As of December 31, 2021, the Plan's investments were held by Matrix Trust Company, the trustee for the Plan. As of December 31, 2020, the Plan's investments were held by Wells Fargo Bank, N.A., trustee of the Plan through March 19, 2021.
Corporate action
On August 2, 2021 (the “Spin-Off Date”), L Brands, Inc., the sponsor of the Plan, completed the tax-free spin-off of its Victoria’s Secret business (the “Separation”) and changed its name to Bath & Body Works, Inc. The Separation was achieved through the Company’s tax-free distribution of 100% of the shares of Victoria’s Secret & Co. common stock to holders of L Brands, Inc. common stock as of the close of business on the record date of July 22, 2021. The Company’s stockholders of record received one share of Victoria’s Secret & Co. common stock for every three shares of the Company’s common stock.

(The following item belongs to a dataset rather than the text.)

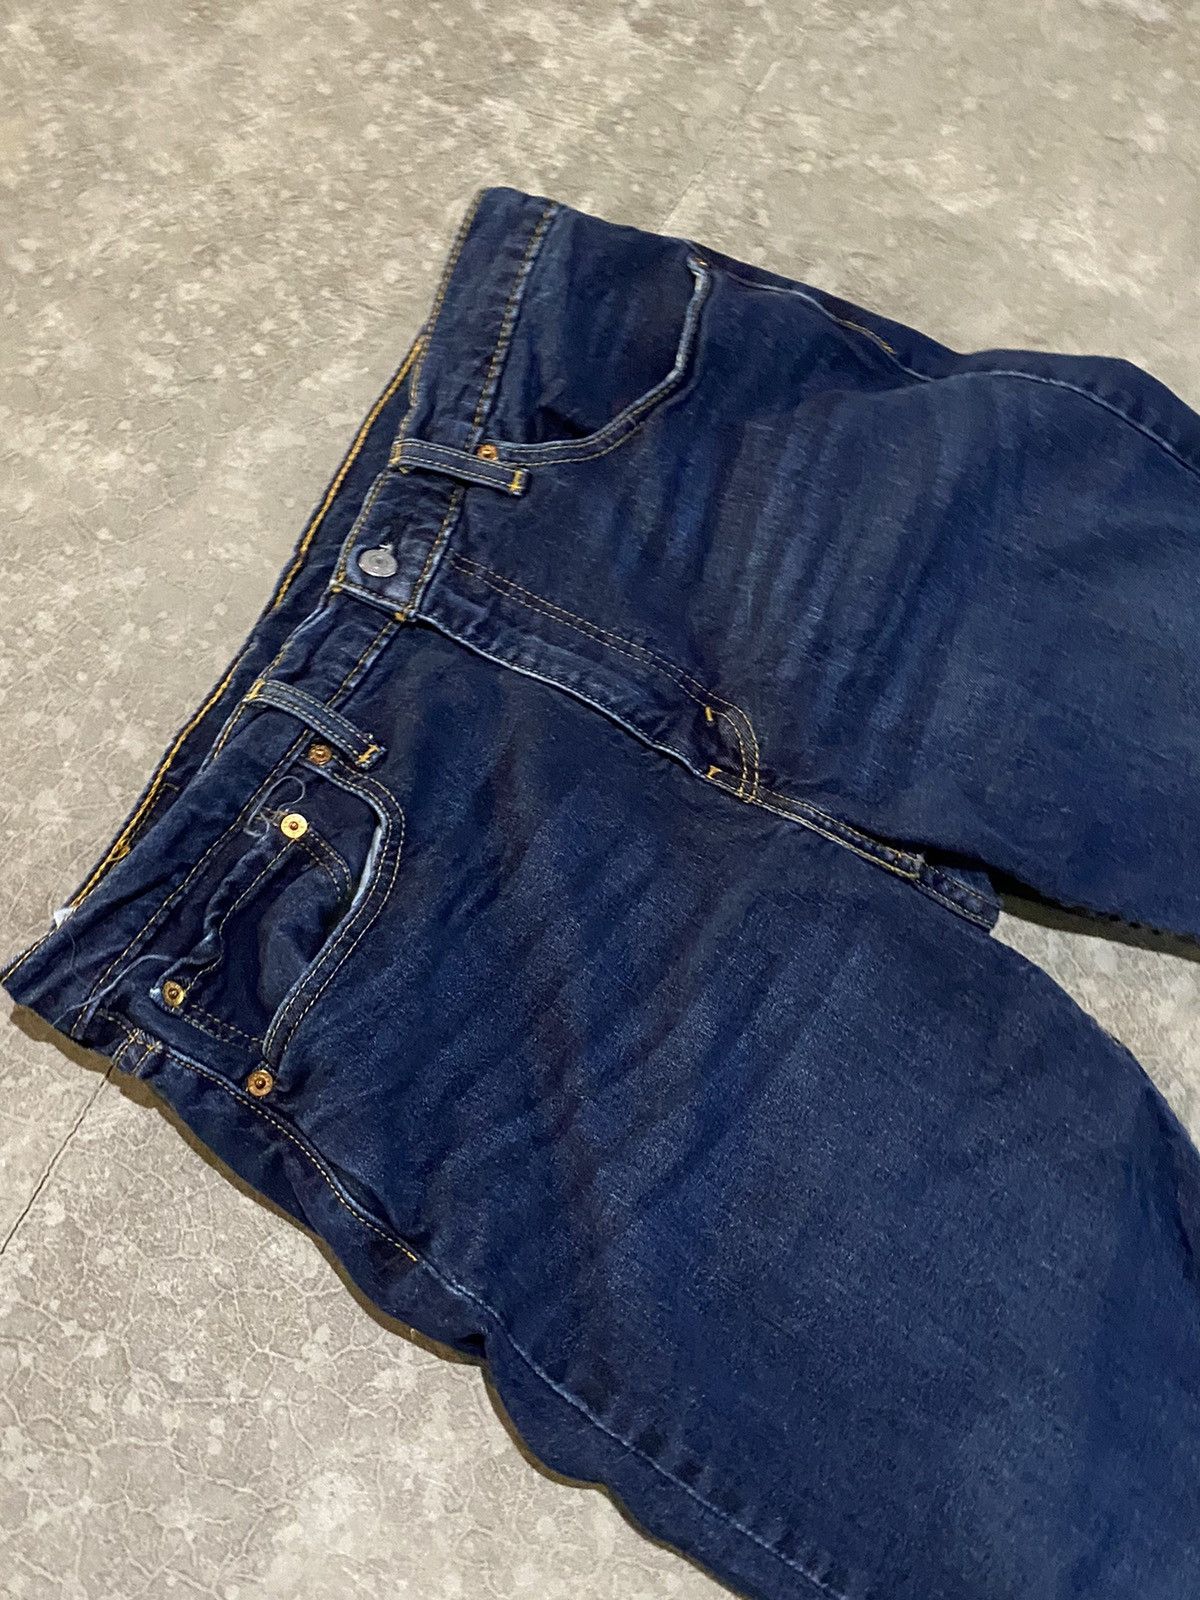 Vintage Dark Blue Levi 502 Jeans 36x32 Size US 36 / EU 52 - 2 Preview

Plan amendments and spin-off
In connection with the Separation, the Plan was amended, effective as of July 28, 2021, to among other things, on the Spin-Off Date: (1) change the name of the Plan as noted above, (2) provide that employees of the Victoria’s Secret & Co. and its subsidiaries (collectively, the “Transferred Employees”) would no longer be eligible to make contributions to the Plan or receive contributions under the Plan on and after the Spin-Off Date, (3) fully vest the accounts held by Delayed VS Transferred Employees (as defined in the Employee Matters Agreement dated as of August 2, 2021 by and between the Company and Victoria’s Secret & Co. (the “Employee Matters Agreement”)) whose employment transferred to Victoria’s Secret & Co. in accordance with the Employee Matters Agreement following the Spin-Off Date, (4) provide credit for service with Victoria’s Secret & Co. and its subsidiaries in the case of Delayed LB Transfer Employees (as defined in the Employee Matters Agreement) returning to service with the Company following the Spin-Off Date in accordance with the Employee Matters Agreement, (5) provide for a trust-to-trust transfer of assets and liabilities from the Plan to the Victoria’s Secret & Co. 401(k) Savings and Retirement Plan (the “Victoria’s Secret Plan”) for those Transferred Employee, (6) create a new investment fund consisting primarily of Victoria’s Secret & Co. common stock (the “VS Stock Fund”) and (7) set forth Plan terms applicable to shares of common stock of Victoria’s Secret & Co. held in the plan as a result of the Separation.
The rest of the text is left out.